Data below:
Content starts

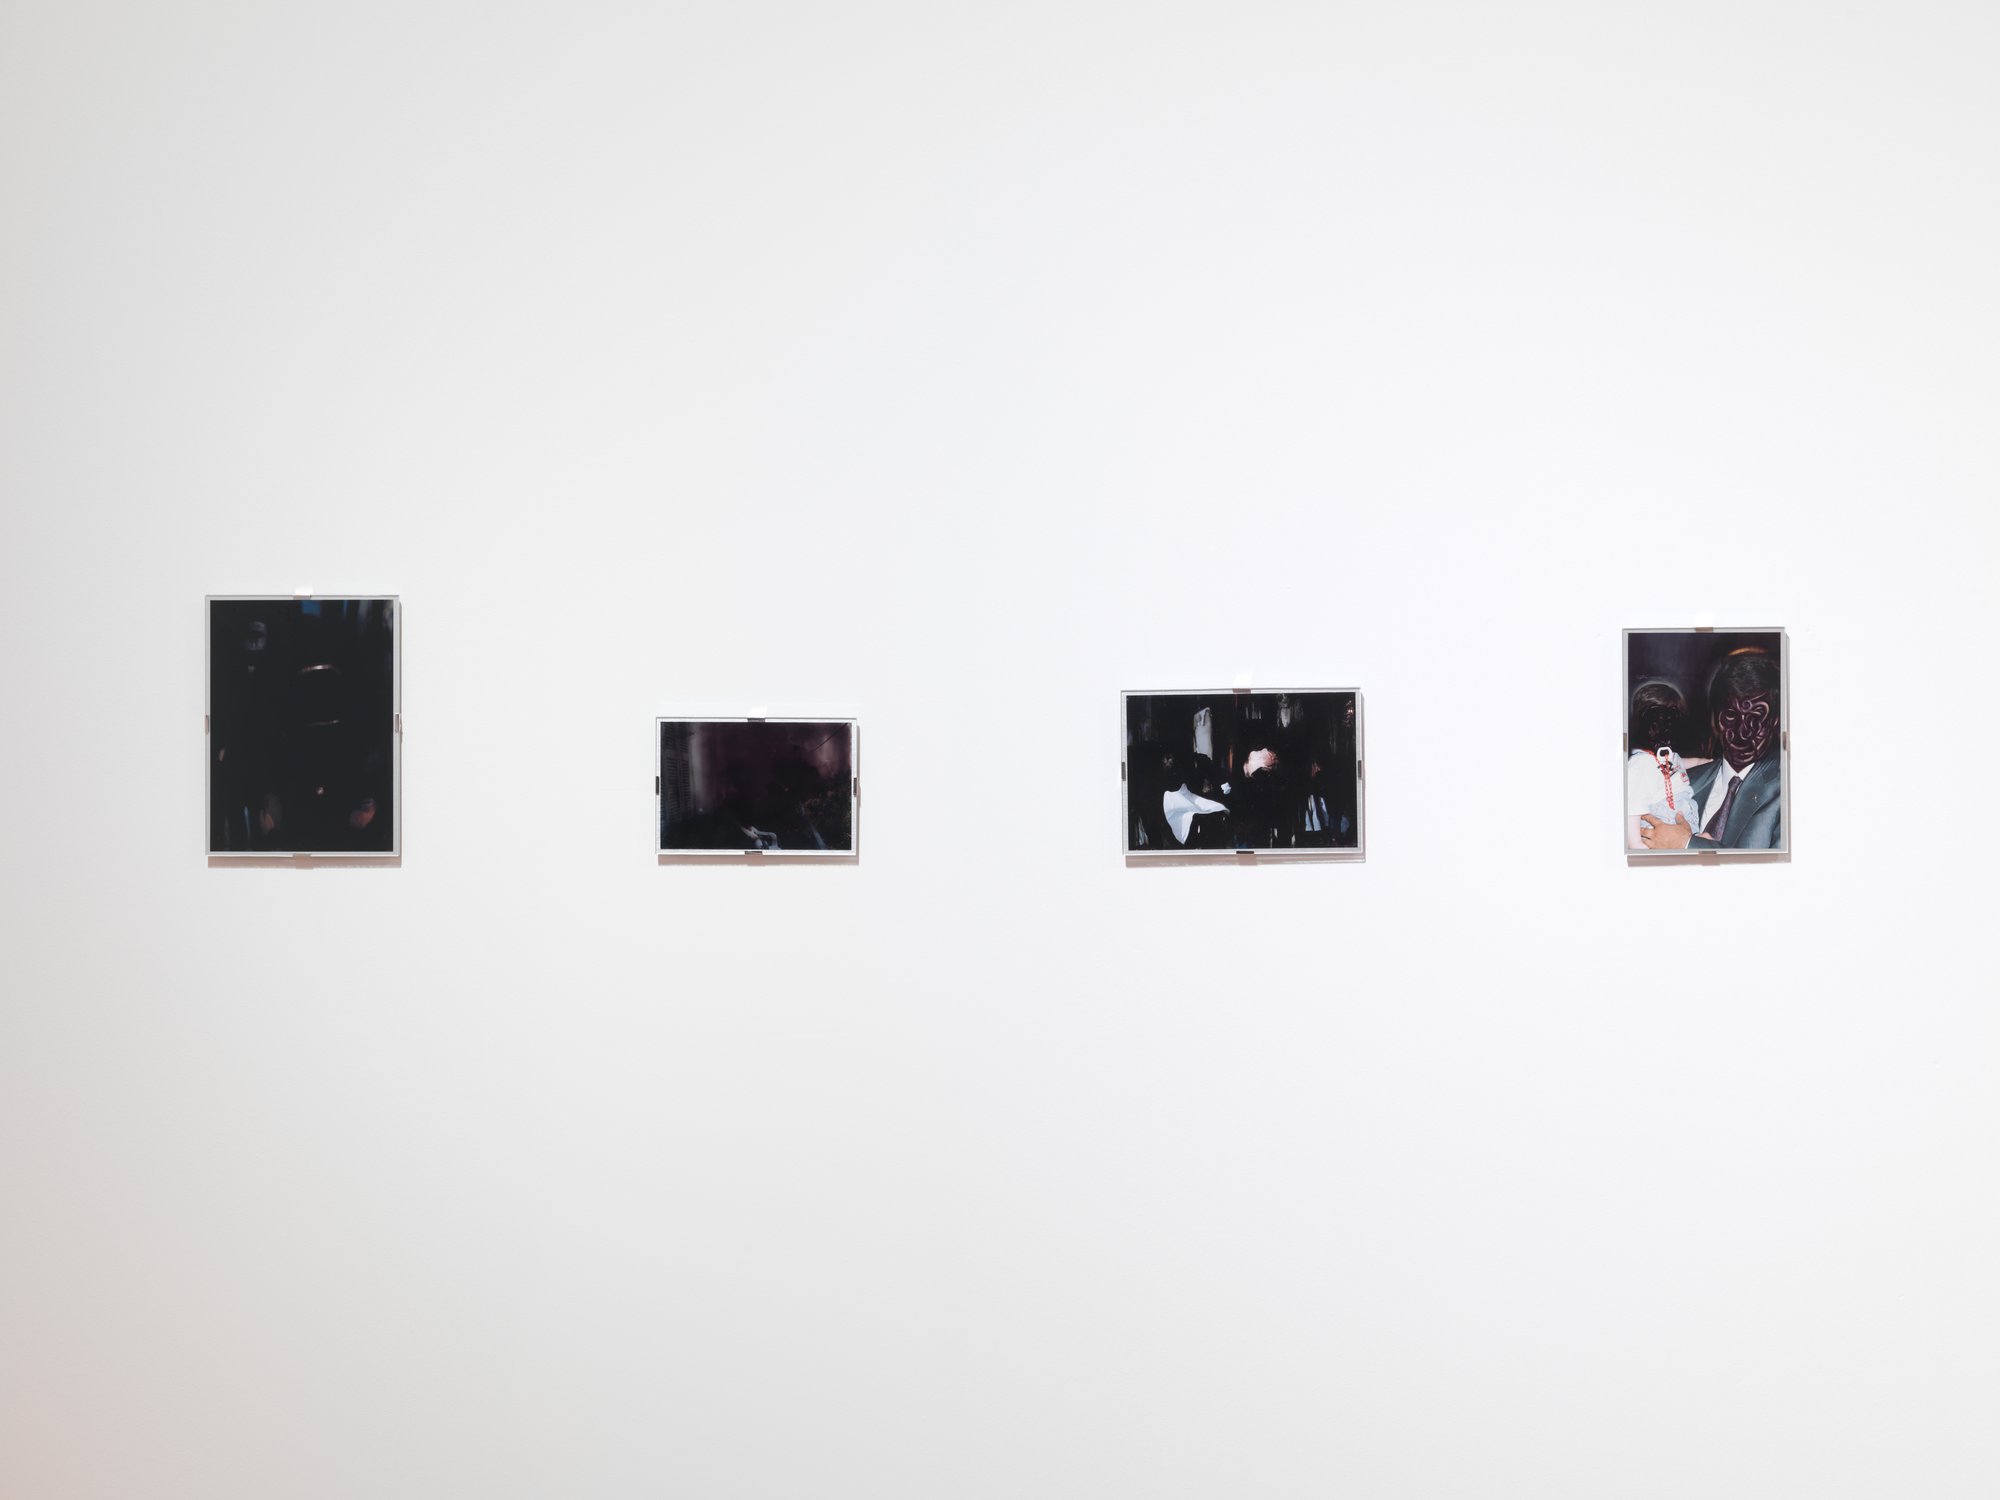 Eftihis Patsourakis, Installation view, Almost Invisible, ink on photograph, 2019
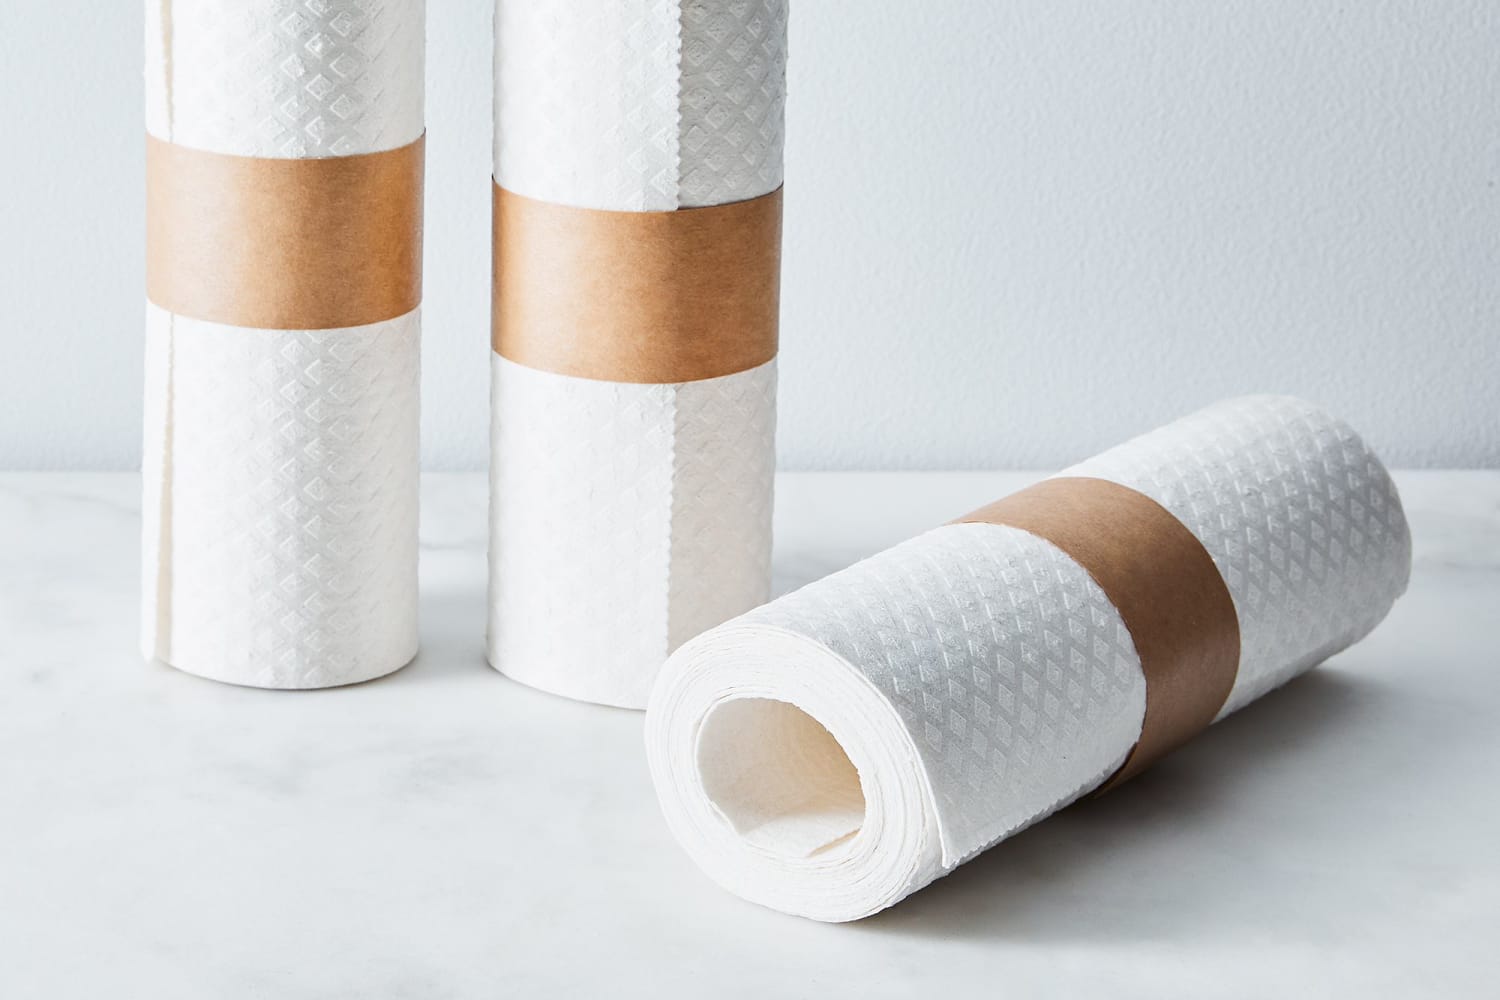 11 Ways to Reuse Paper Towel Rolls - The Hearty Soul : The Hearty Soul
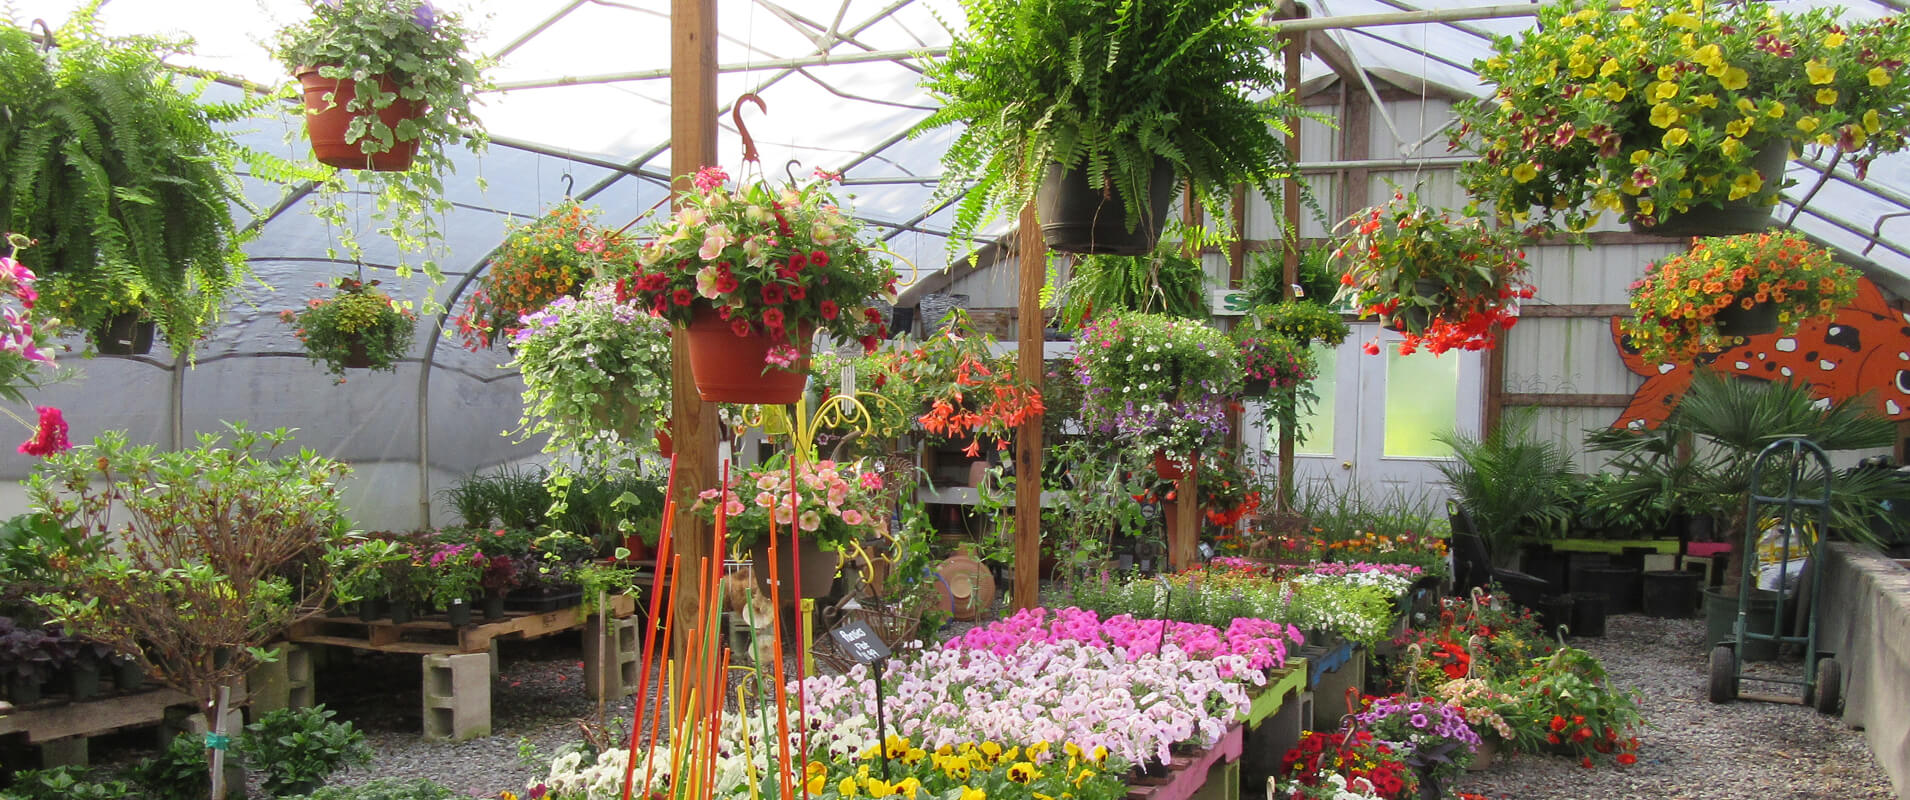 Visit our Greenhouse

Content ends

What the exercise asks: Could you output the lines above exactly, with no pictures included?

Expected answer:
 Eftihis Patsourakis, Installation view, Almost Invisible, ink on photograph, 2019
 11 Ways to Reuse Paper Towel Rolls - The Hearty Soul : The Hearty Soul
 Visit our Greenhouse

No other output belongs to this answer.